Maître Teruo Sano, Shihan, 9ème dan en Karaté et JuJitsu a enseigné le karaté au Yoseikan pendant plus de trente ans.. Son style très personnel, combine autant les techniques de frappe (atémis), qu’une foule de projections, clés, immobilisations ainsi que le travail des armes du kobudo. A de nombreuses reprises, Maître Sano est venu en France, notamment à Bordeaux ou vit Frédéric Dupertout, son représentant national. Appréciant beaucoup les voyages, il a aussi dispensé des stages en Australie, en Suisse et même à St Pierre et Miquelon. Ses élèves, dont Louis Gazo de l’école Fontenoise de Karaté, nomment son style, le Karaté Yoseikan. Depuis quelques années, Maître Sano préfère utiliser le nom de Sano ryu Yoseikan karaté pour désigner sa méthode afin de ne pas créer d’ambiguïté avec le Yoseikan Budo, art Martial inventé en France par Hiroo Mochizuki, fils de Minoru.

Le Sano ryu Yoseikan karaté est le pur produit d’une école traditionnelle d’arts martiaux. Les techniques utilisées sont redoutablement efficaces. Dans ces conditions de pratique, la compétition n’a pas lieu d’exister. L’entraînement à cette méthode est réellement l’entraînement au combat total. Tout ce qui peut être utilisé pour se défendre fait l’objet de techniques. Par exemple, Maître Sano est intarissable sur les projections et les clés à l’aide de ceinture du kimono, chaussures, cravates, clefs..., il s’agit de donner au pratiquant, une ligne de conduite générale qui le fera trouver une solution à chaque problème se présentant.

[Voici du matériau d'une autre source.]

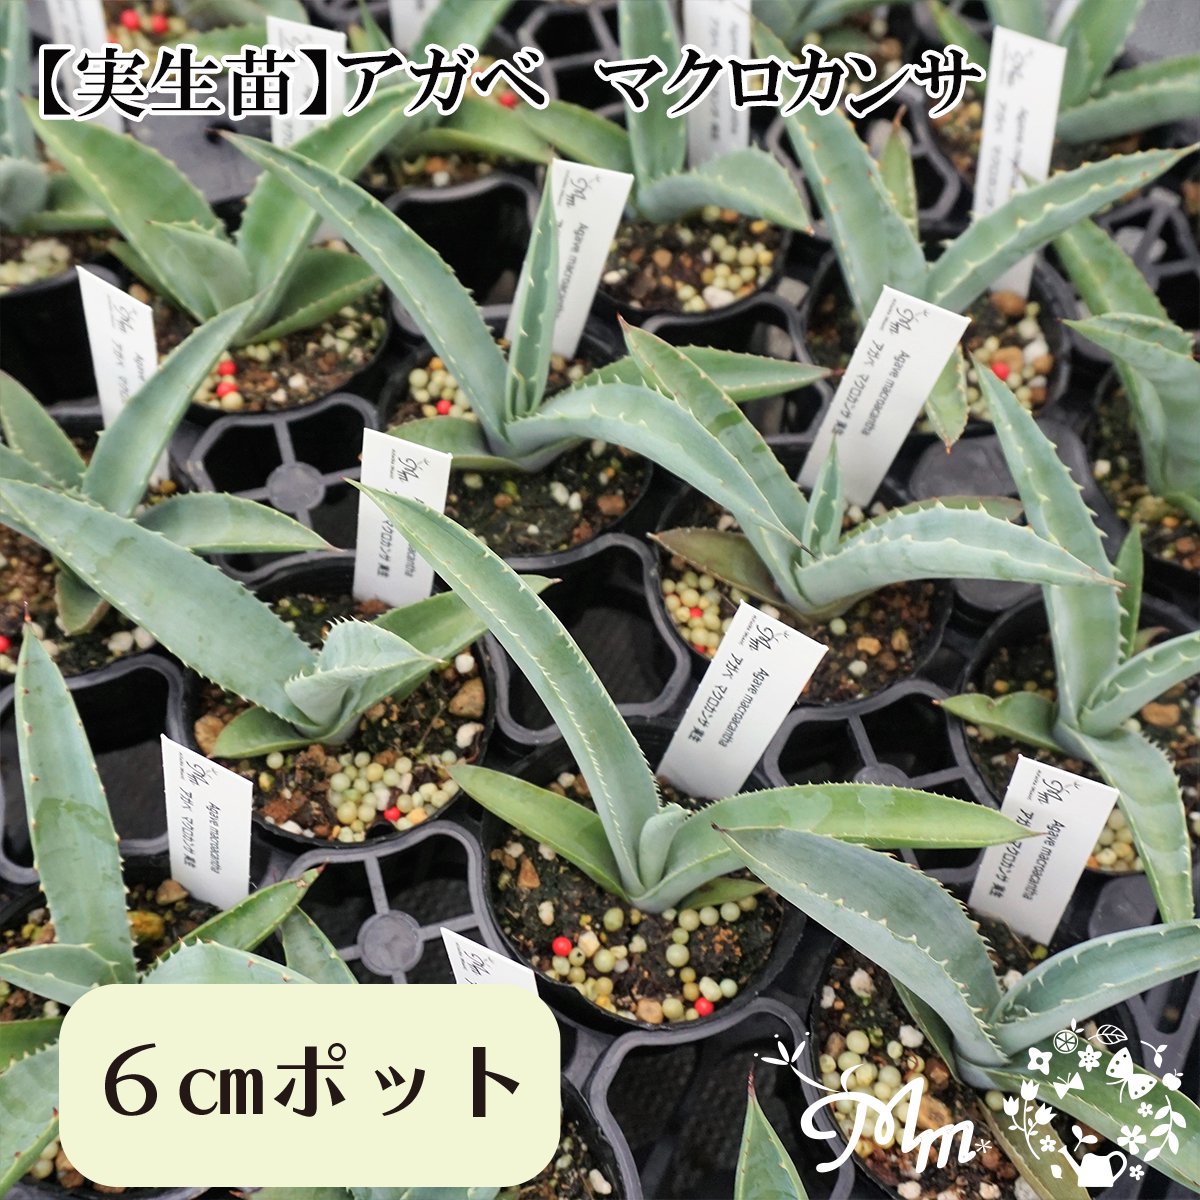 【実生苗(実生株)】Agave macroacantha(アガベ マクロカンサ)6㎝ポット苗
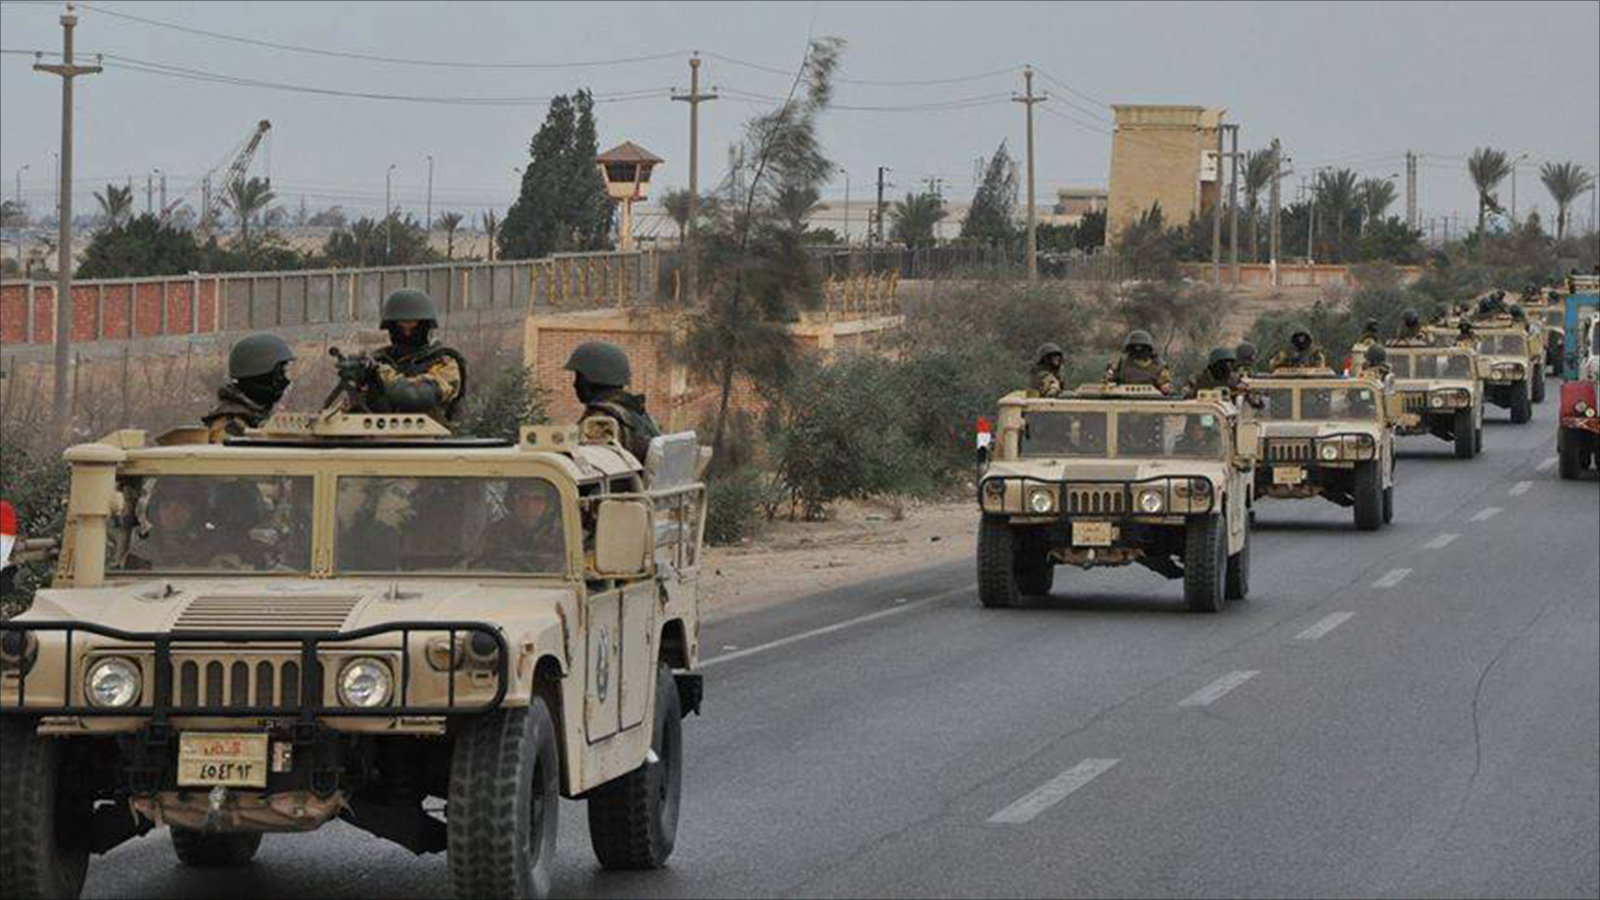 الجيش المصري شن حملات ضد المسلحين في سيناء وتعرضت وحداته هناك لهجمات (الجزيرة-أرشيف)

Sano Sensei à sa manière, a refait le même parcours que Maître Hironori Othsuka créateur de notre style le Wadô-Ryû. Après avoir étudié le Karaté d’Okinawa, il y a mêlé ses connaissances en Ju-Jitsu et a élaboré son propre style. En fait, pour nous, cette méthode est très complémentaire du Wadô-Ryû, car non influencée par la compétition ou les pratiques purement sportives. En 1984, Louis Gazo à passé le 2ème dan devant les maîtres Sano et Mochizuki au japon à l’école Yoseikan, puis en 1996, Maitre Sano lui a remis le 4ème dan de son école. A Bordeaux, l’enseignement du maître est perpétué par deux professeurs, Frédéric Dupertou dans ses clubs Bushido, et Eric Sainz au cœur de son dojo. Ses deux pratiquants de longue date ont passés de longs séjours au japon aux seins d’écoles traditionnelles.

Maitre Minoru Mochizuki maintenant décédé, l’école Yoseikan de Shizuoka a fermé ses portes. Sano Senseï a cessé ses cours et rédige ses souvenirs. Il n’a pas désigné de successeur à sa méthode. Il restera, pour ceux qui ont eu la chance de profiter de son enseignement, l’image type du maître de karaté traditionnel.